Inbound hardening: sanitize and structurally isolate untrusted content (web, email, docs, tool output) so it is treated as data, not instructions. Tool-call firewall: deny-by-default destructive operations unless explicitly authorized; fail-closed confirmation when no confirmation handler is wired. Request binding: bind (tool name, canonical args, message hash, TTL) to prevent replay and argument substitution. Exfiltration detection: scans outbound tool arguments for secret patterns and flags substantial verbatim overlap with recently ingested untrusted content. Provenance tracking: enforces stricter no-copy rules on content with known untrusted origin, independent of the overlap heuristic. Canary tokens: per-session canary generation and detection to catch prompt leakage into outputs. Source gating: blocks high-risk sources from being promoted into long-lived memory or KG extraction to reduce memory poisoning.

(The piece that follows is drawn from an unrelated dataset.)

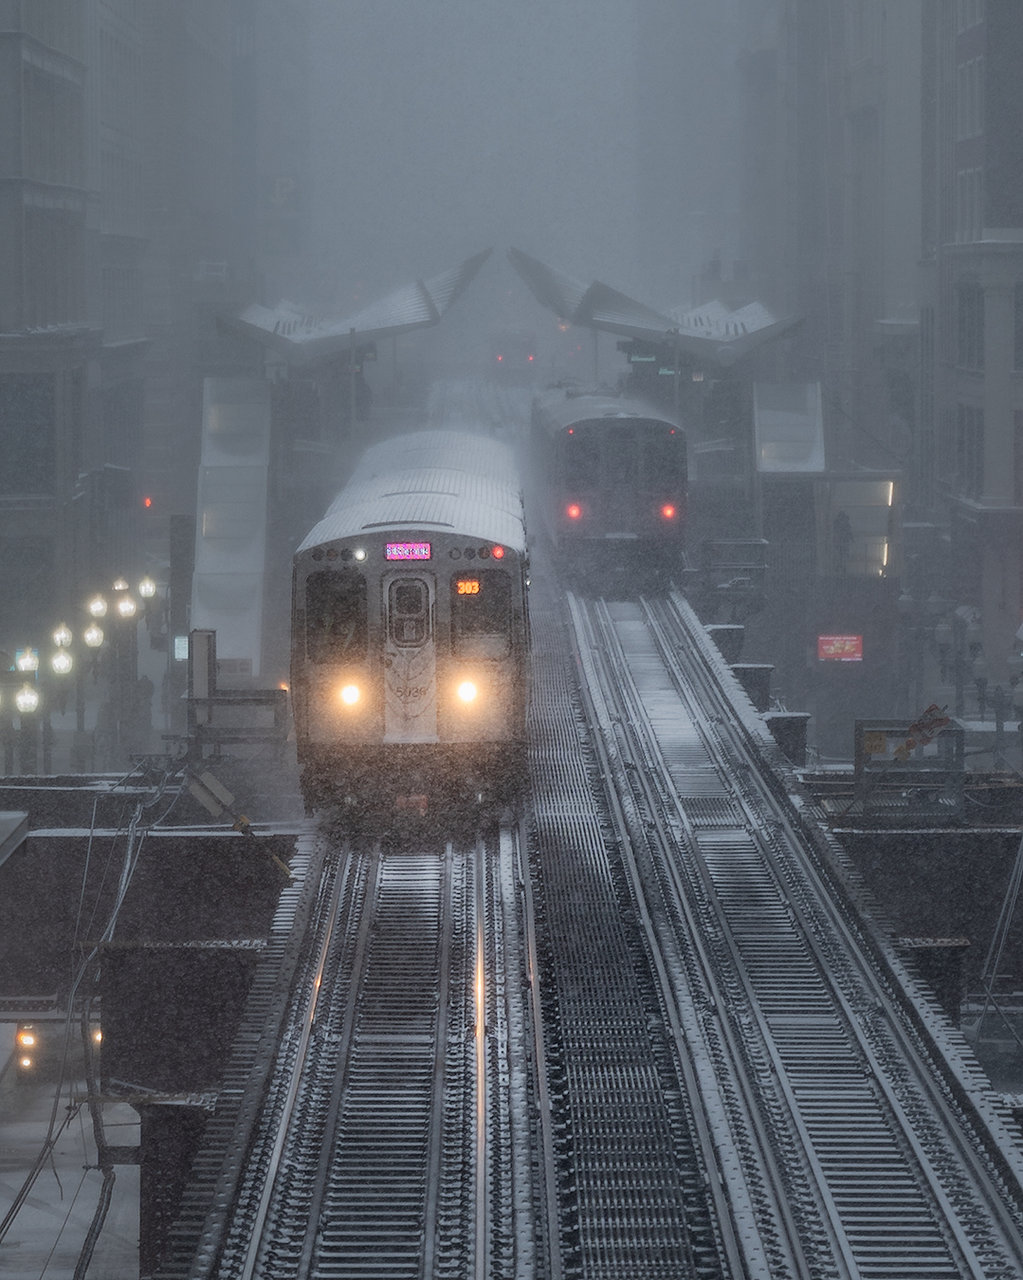 Winter is coming | Author Remo Daut - wallburn | PHOTO FORUM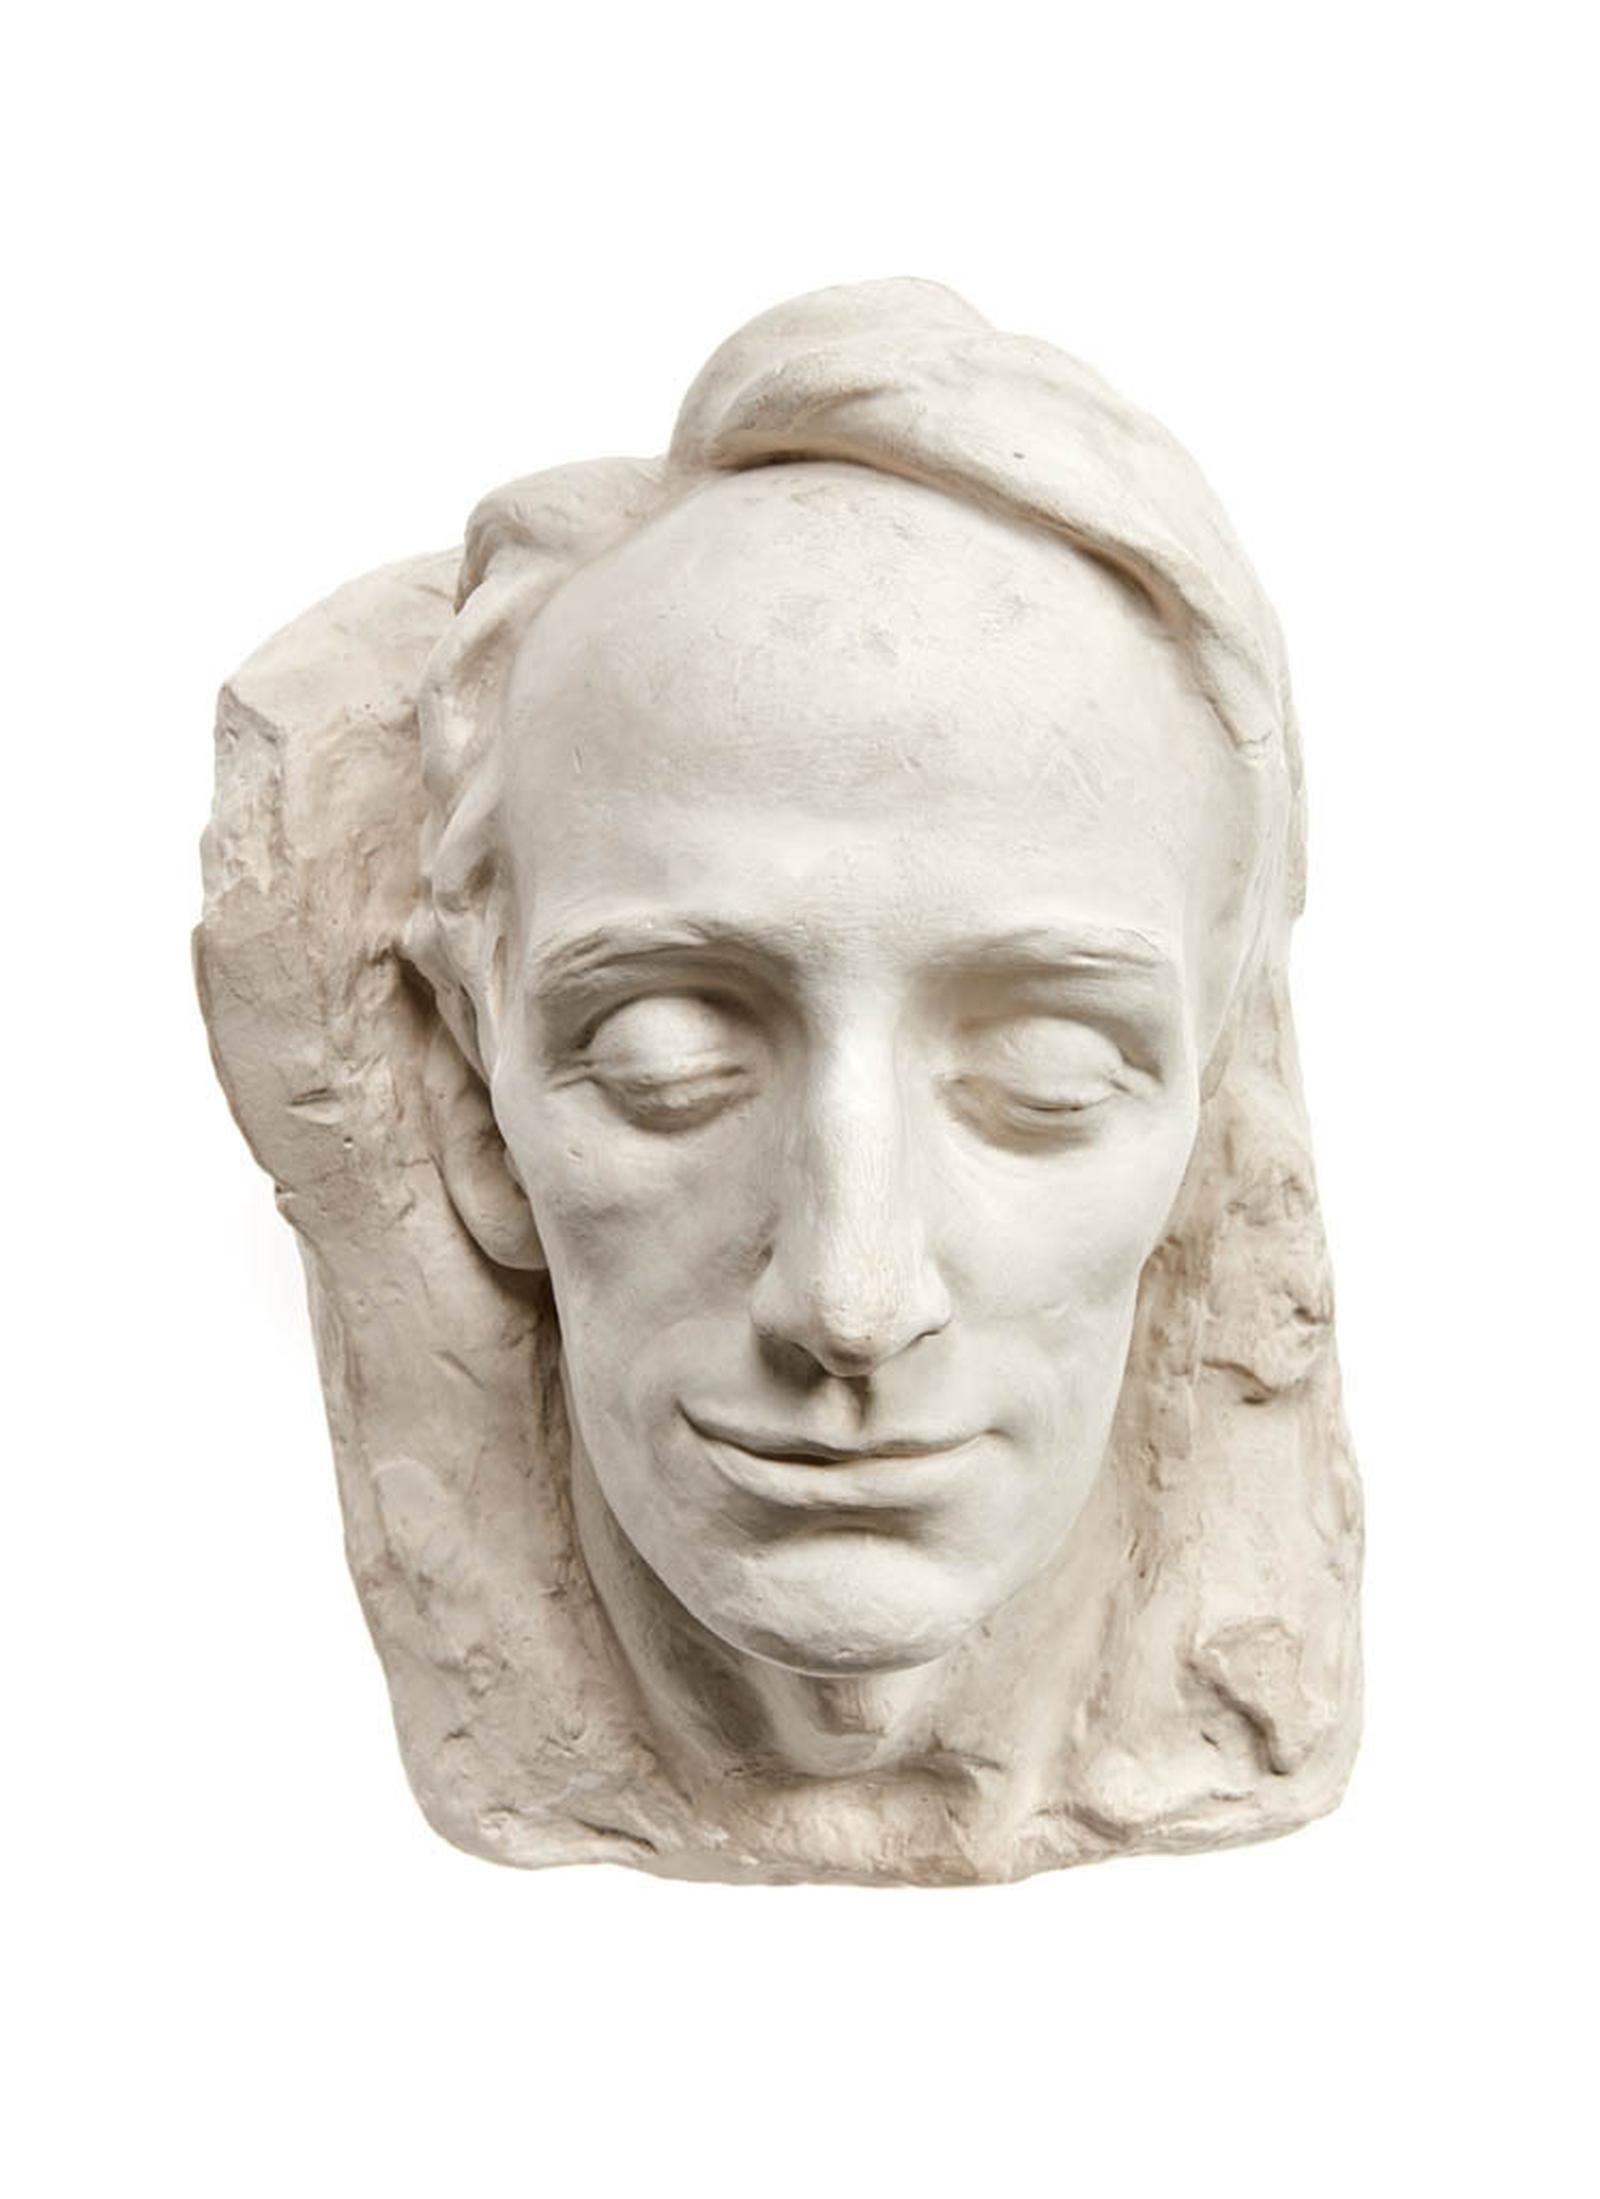 Image - Terence McSwiney life mask, plaster. Image courtesy of the National Museum of Ireland HE:EW.793

It is intentionally minimal and not framework-specific. It does not replace least-privilege credentials or sandboxing — it sits above them. Repo: https://github.com/mhcoen/guardllm I'd like feedback on: what threat model gaps you see; whether the default overlap thresholds are reasonable for summarization and quoting workflows; and which framework adapters would make this easiest to adopt (LangChain, OpenAI tool calling, MCP proxy, etc.).